THE ACTING SECRETARY SAYS THAT IN VIEW OF THE DIFFICULTY AT THIS TIME OF ASCERTAINING WITH CERTAINTY THE DURATION OF THE EMPLOYEE'S UNFITNESS FOR DUTY, YOUR DEPARTMENT WOULD LIKE TO ACCEPT THE OFFER OF THE EMPLOYEE'S ATTORNEY TO STIPULATE FOR PURPOSES OF SETTLEMENT OF THE CASE THAT THE INCAPACITY CONTINUED FOR 12 MONTHS BEGINNING WITH JULY 1, 1954. UNDER THE CIRCUMSTANCES, WE WOULD INTERPOSE NO OBJECTION TO PAYMENT OF BACK PAY UPON THE BASIS OF EXCLUDING SUCH 12-MONTH PERIOD ONLY, SHOULD YOU DECIDE TO REINSTATE THE EMPLOYEE IN THE MANNER HEREINBEFORE DISCUSSED.

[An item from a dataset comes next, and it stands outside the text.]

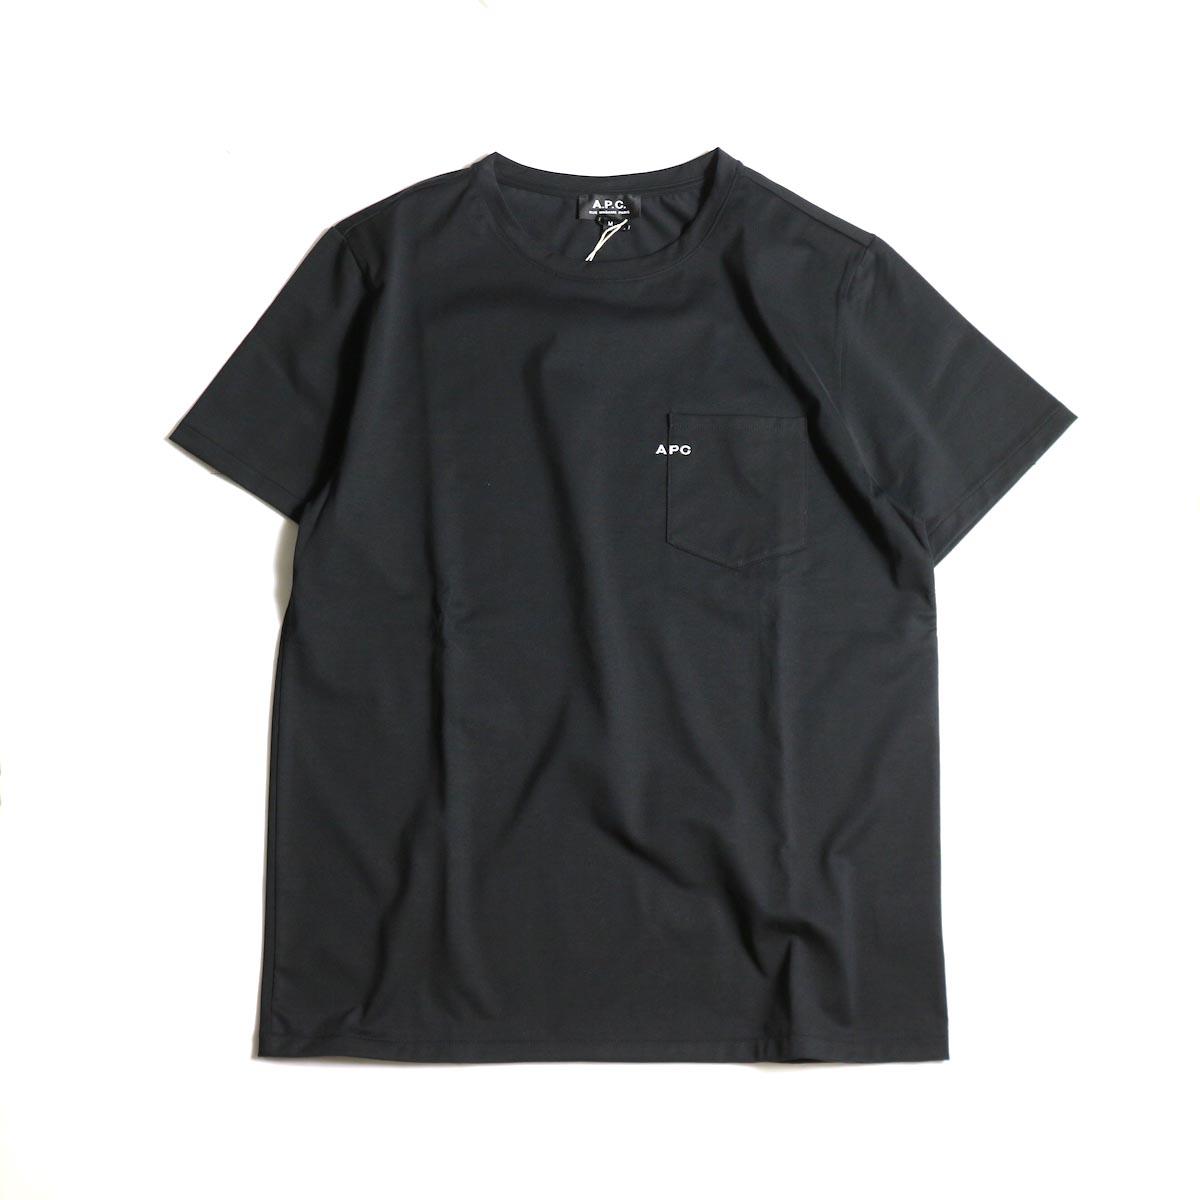 A.P.C. / Crew Neck Emb Pocket Tee -Black正面

WE SHOULD POINT OUT THAT BACK PAY UNDER SECTION 6 (B) (2) OF THE 1912 ACT, AS AMENDED, SUPRA, IS FOR COMPUTATION AT THE RATE RECEIVED ON THE DATE OF SUSPENSION OR DISCHARGE, THUS EXCLUDING PERIODIC STEP INCREASES OR STATUTORY RATE INCREASES. WE UNDERSTAND THAT THE CASE OF LEINER V. UNITED STATES, C.1CLS. NO. 576-57, DECIDED OCTOBER 8, 1958, CITED BY THE ACTING SECRETARY, IS NOT YET FINAL, AND IT HAS NOT AS YET BEEN CONSIDERED BY US AS REQUIRING RECONSIDERATION OF OUR DECISION IN 36 COMP. GEN. 225, SUPRA. IN ANY EVENT, THE HOLDING OF THE COURT IN THAT CASE IS TO THE EFFECT THAT THE BACK PAY PROVISIONS OF THE ACT OF AUGUST 26, 1950, SUPRA, APPLY IN THE CASE OF AN EMPLOYEE RESTORED AS THE RESULT OF COLE V. YOUNG, SUPRA. SO FAR AS HERE PERTINENT, THE MEASURE OF BACK PAY UNDER THE 1950 STATUTE IS THE SAME AS UNDER THE 1912 ACT, AS AMENDED. 32 COMP. GEN. 132; 35 COMP. GEN. 121; HYNNING V. UNITED STATES, C.1CLS. NO. 305-56, DECIDED MARCH 5, 1958.